* _Records for this task_
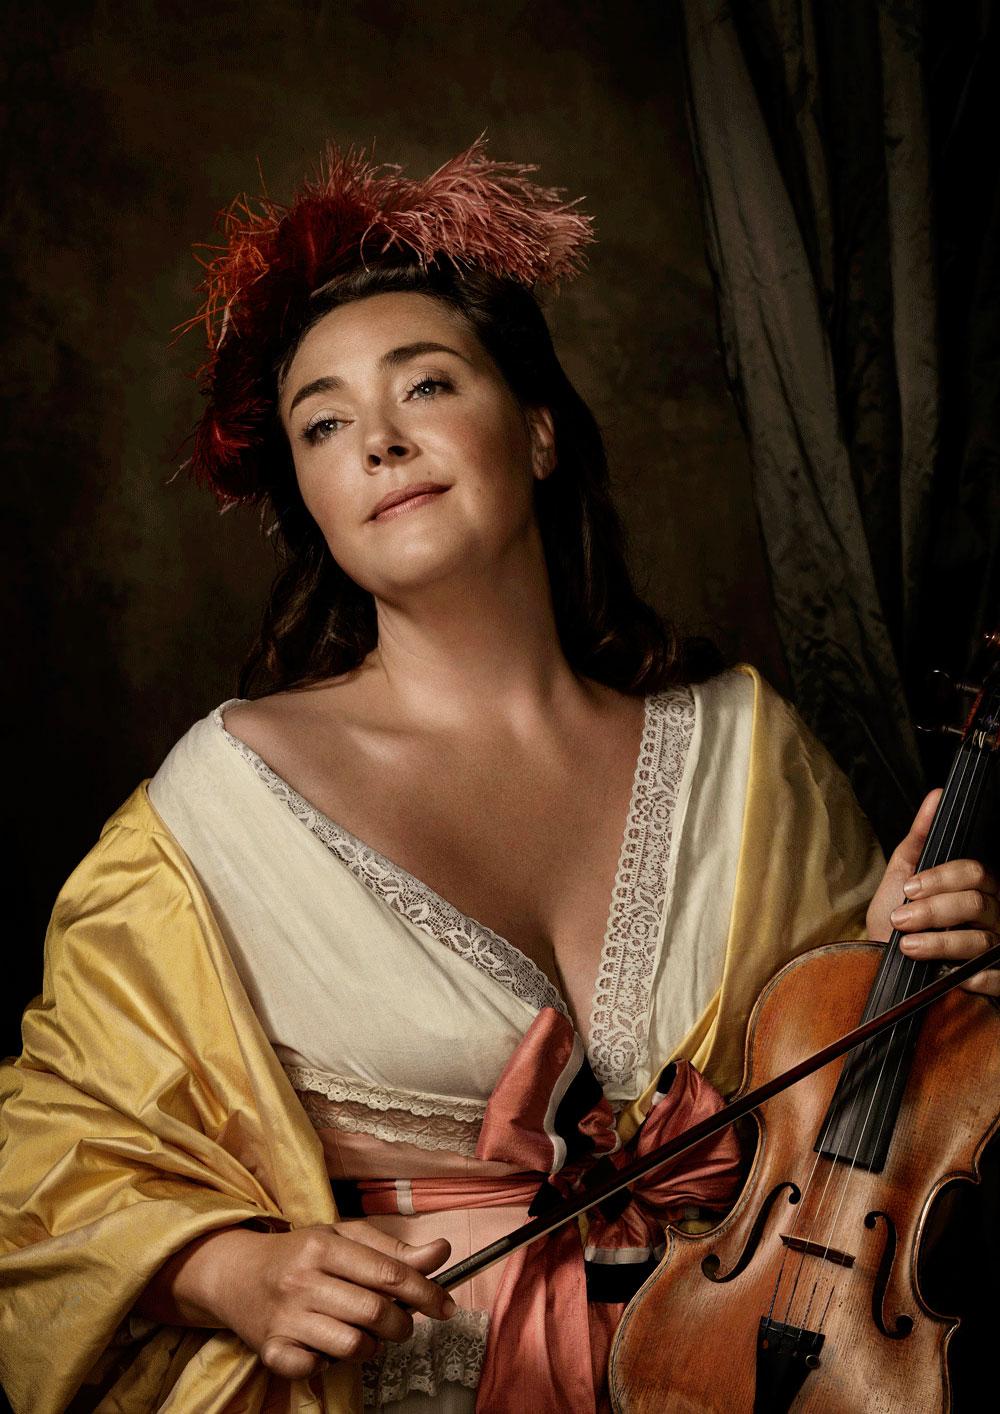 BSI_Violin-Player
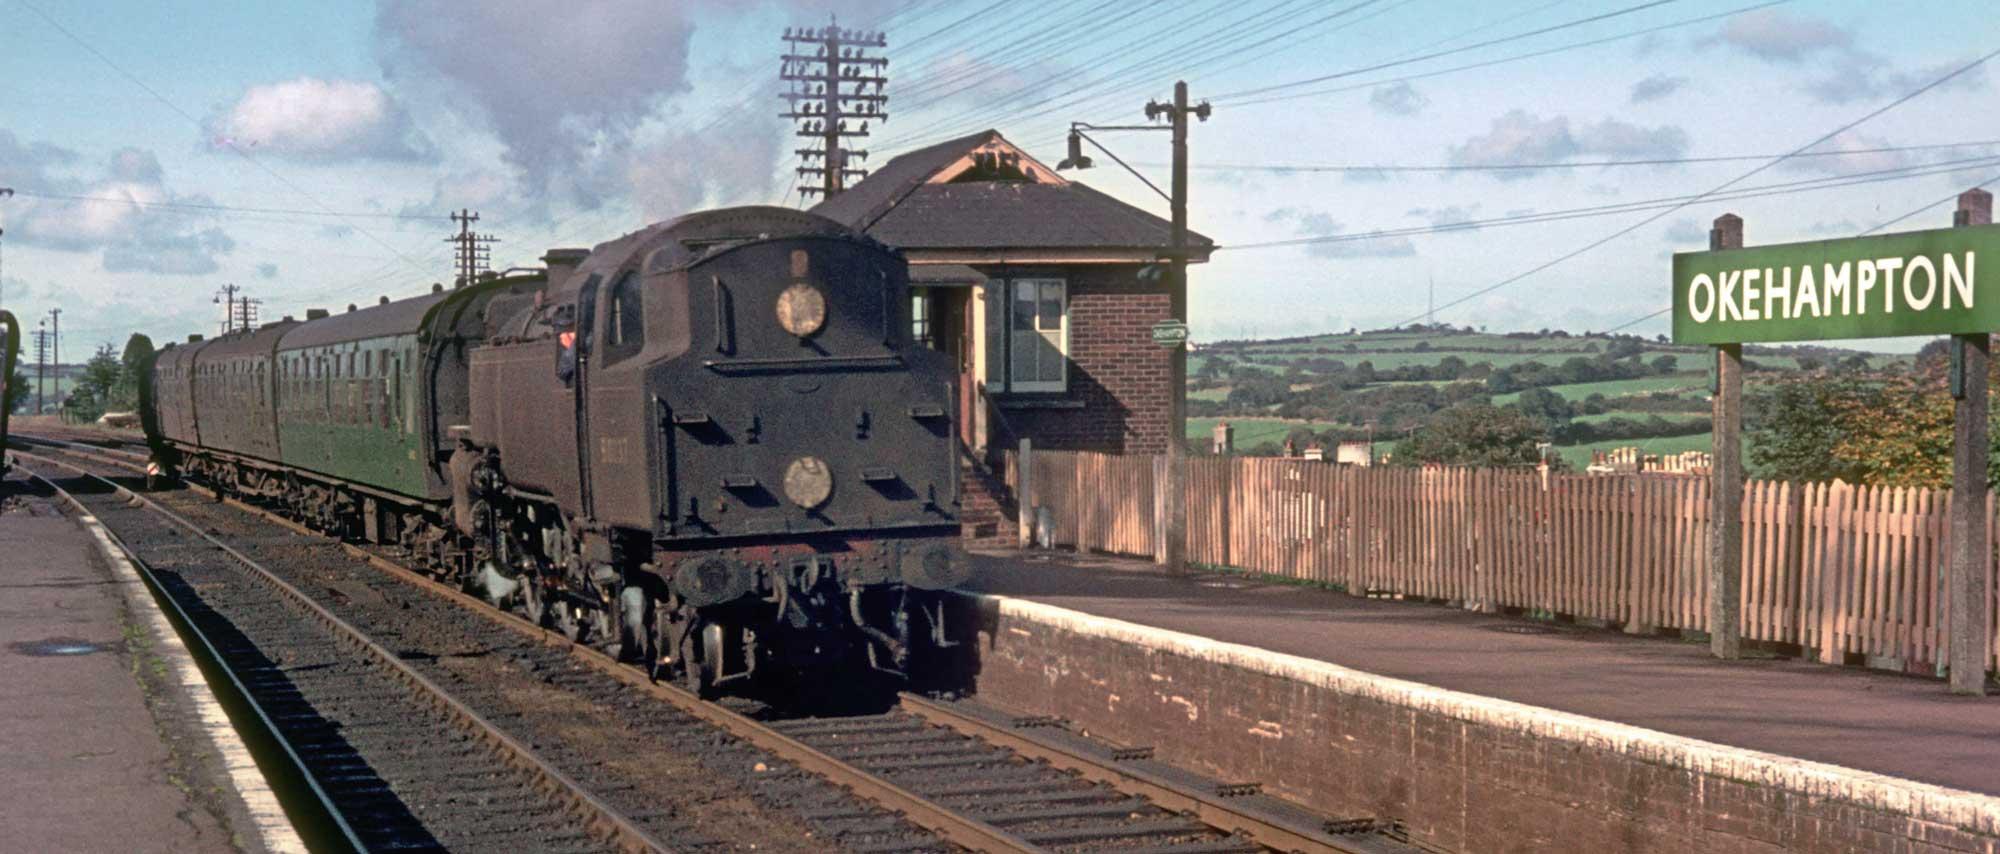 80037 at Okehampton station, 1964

---

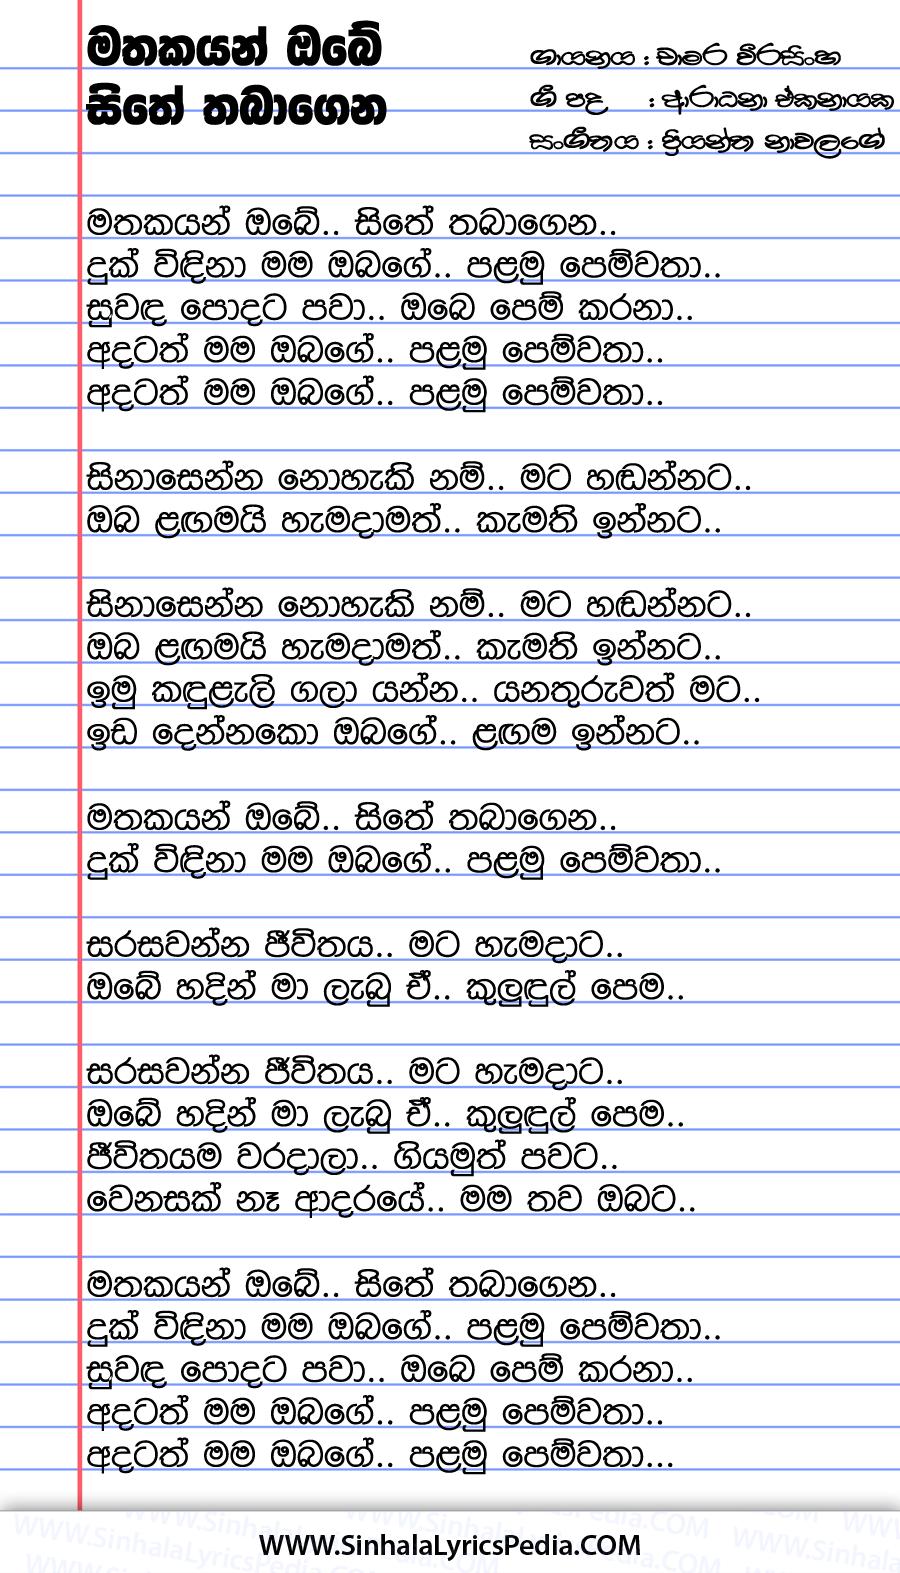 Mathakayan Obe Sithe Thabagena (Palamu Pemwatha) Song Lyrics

* _Task to carry out_
Transcribe, word for word, the lines of the listing above from the one that contains "BSI_Violin-Player" through the one that contains "80037 at Okehampton station, 1964", keeping both ends and dropping the pictures.

* _Solution to this exercise_
 BSI_Violin-Player
 80037 at Okehampton station, 1964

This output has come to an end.